Exercise requirements
With the pictures removed, write out the full listing below exactly.
━━━ Information supplied ━━━
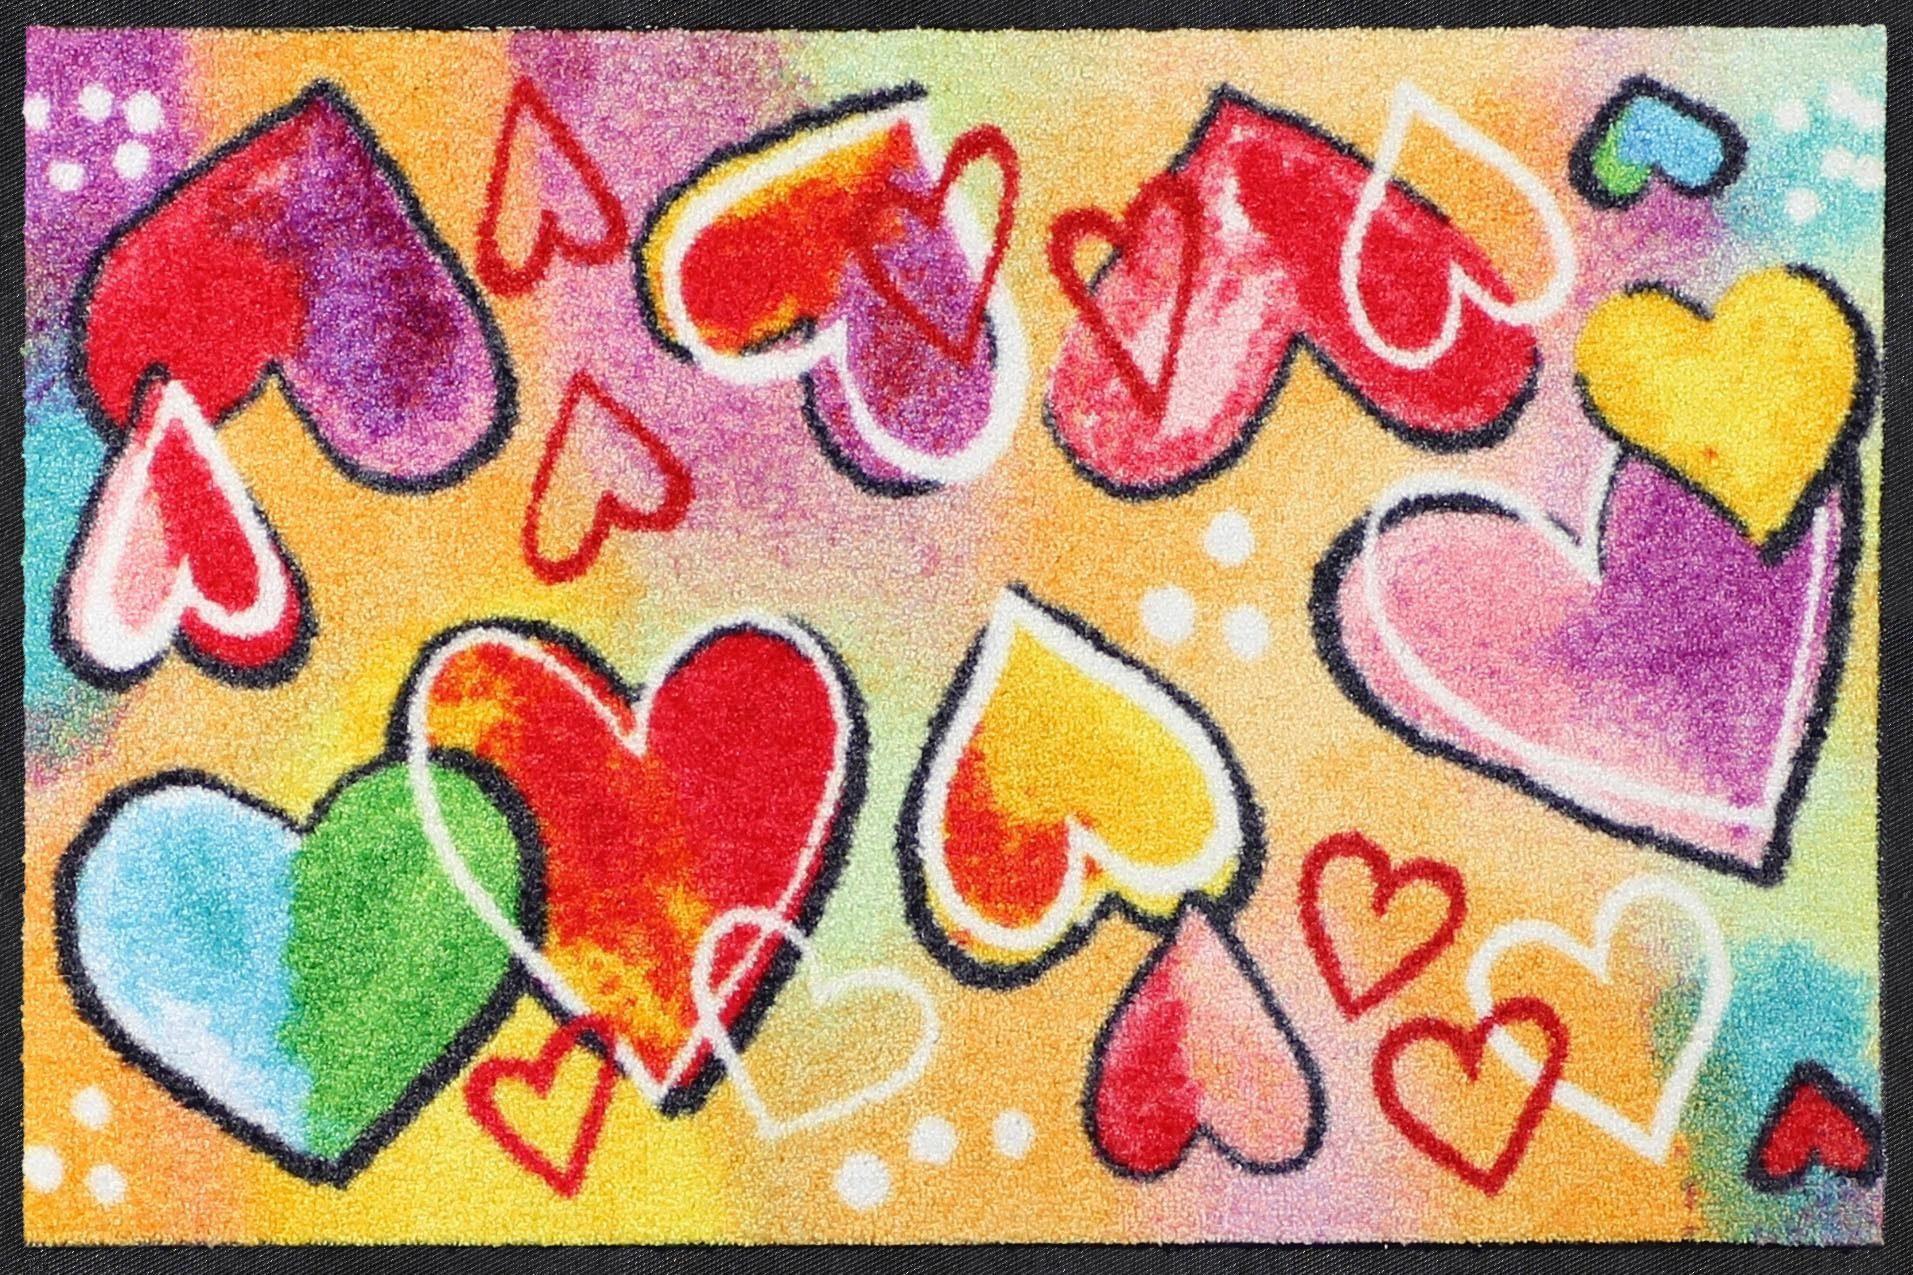 Fußmatte »Heartbeat«, Salonloewe, rechteckig, Höhe 7 mm
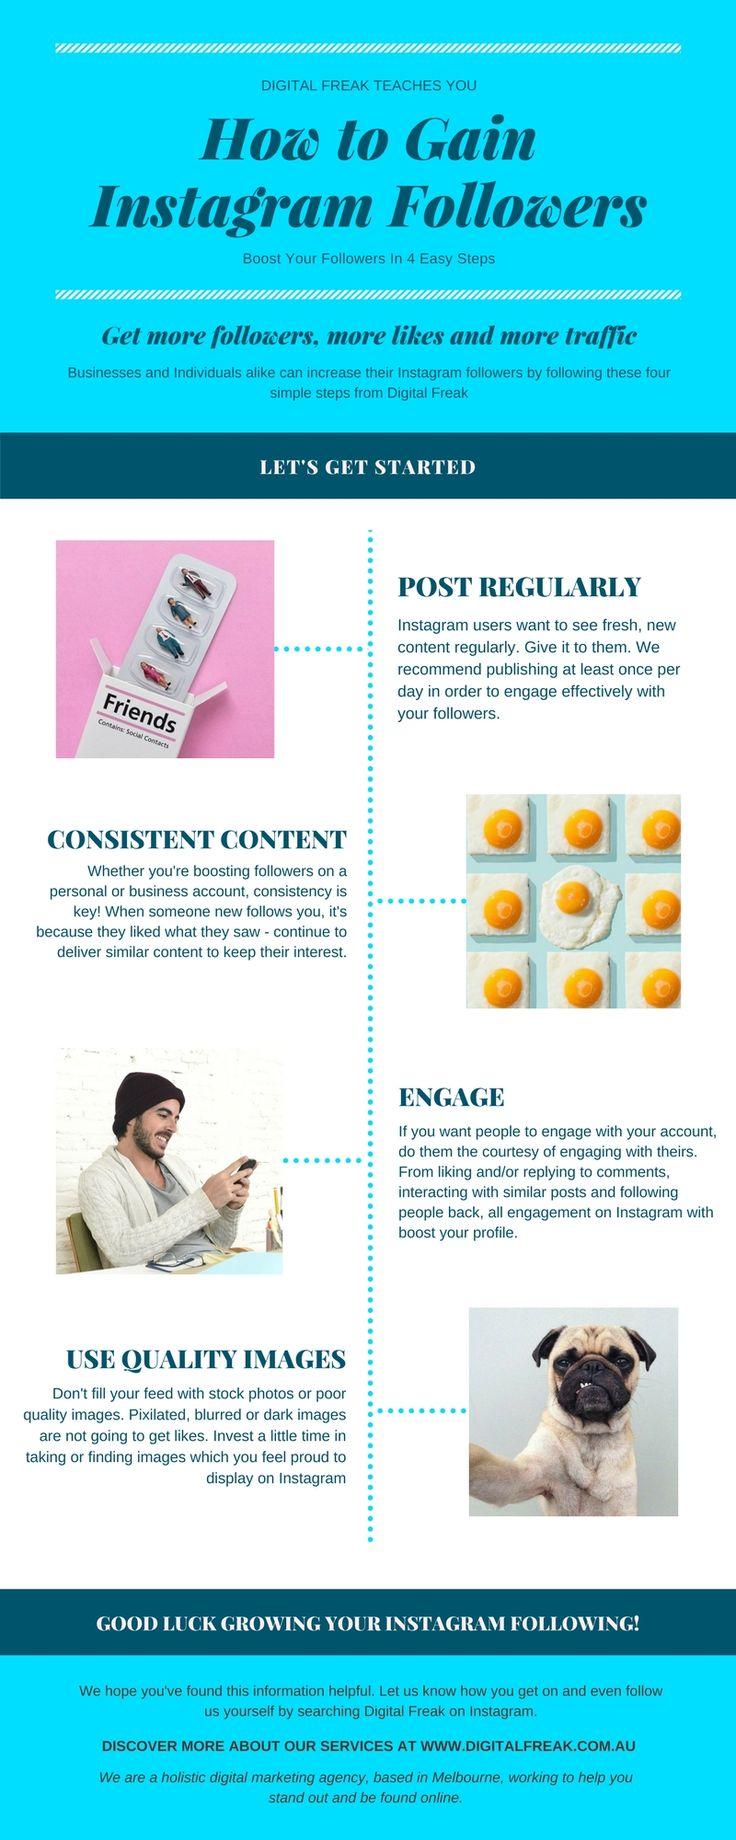 Get more #Instagram followers in 4 Easy Steps. Simple but effective #SocialMedia advice for free from #DigitalFreak
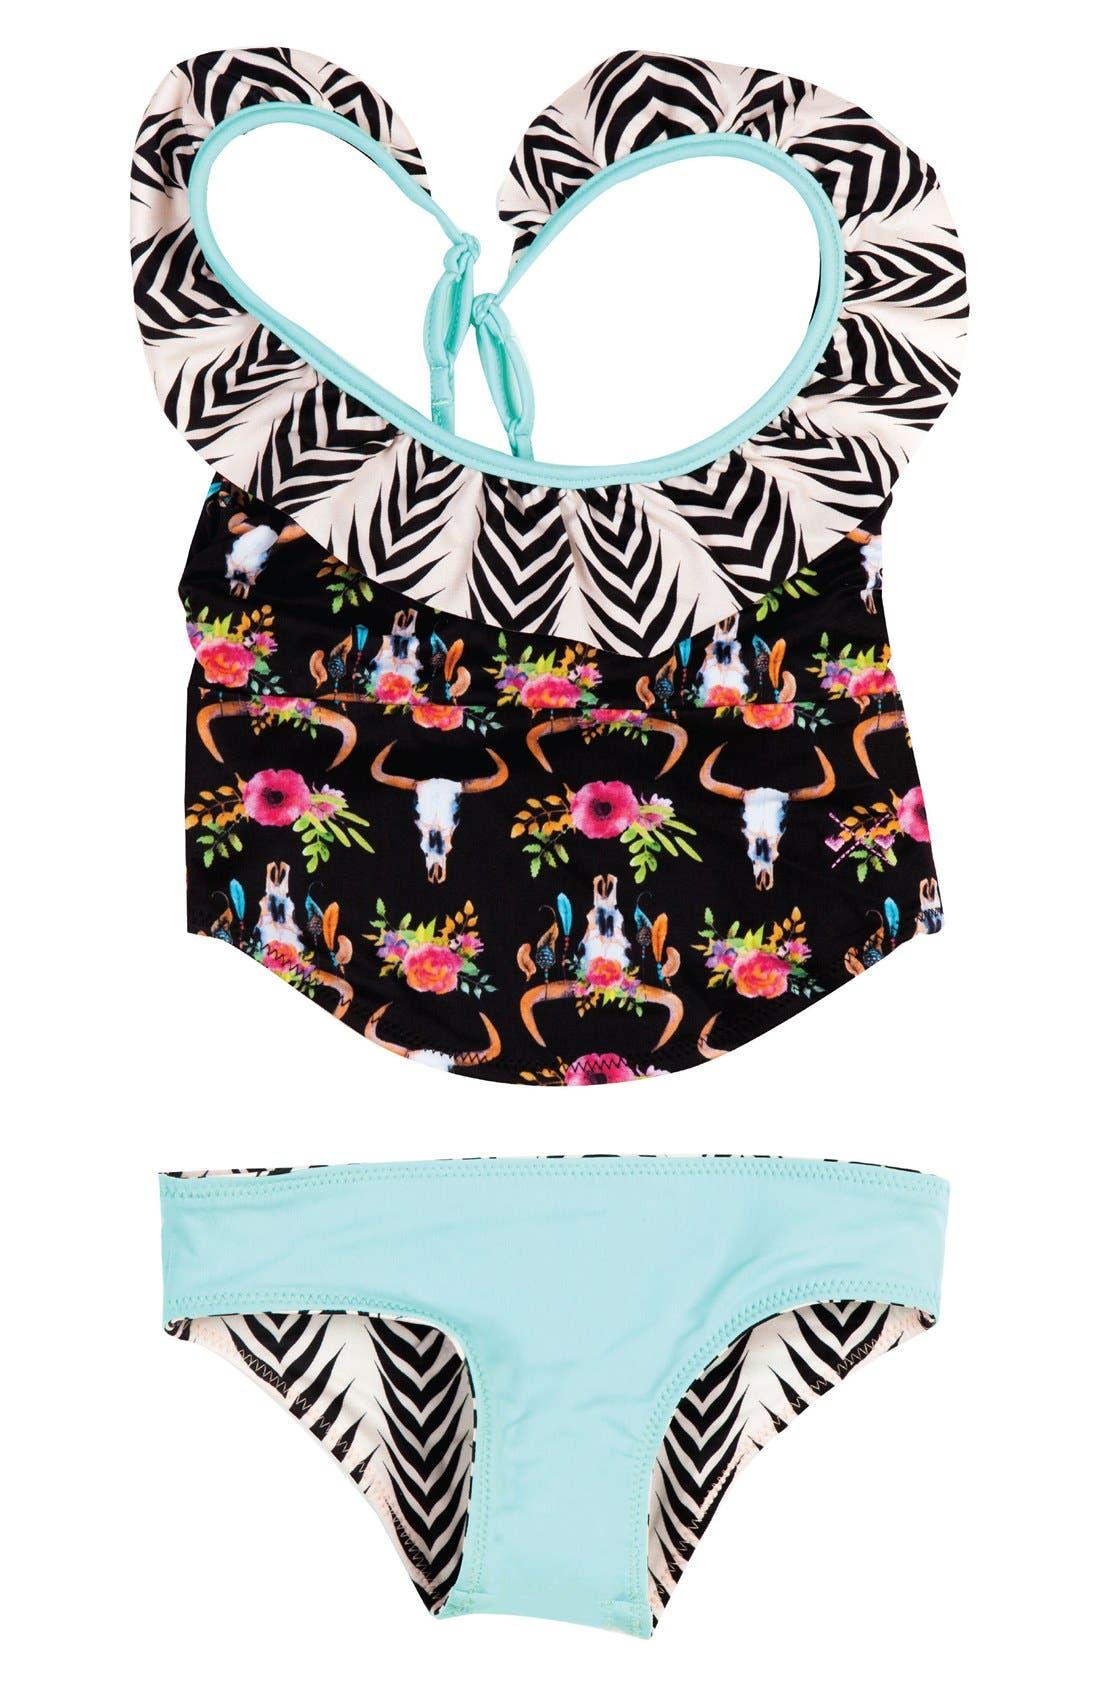 BOWIE JAMES Dreamcatcher Two-Piece Tankini Swimsuit
━━━
Answer area
 Fußmatte »Heartbeat«, Salonloewe, rechteckig, Höhe 7 mm
 Get more #Instagram followers in 4 Easy Steps. Simple but effective #SocialMedia advice for free from #DigitalFreak
 BOWIE JAMES Dreamcatcher Two-Piece Tankini Swimsuit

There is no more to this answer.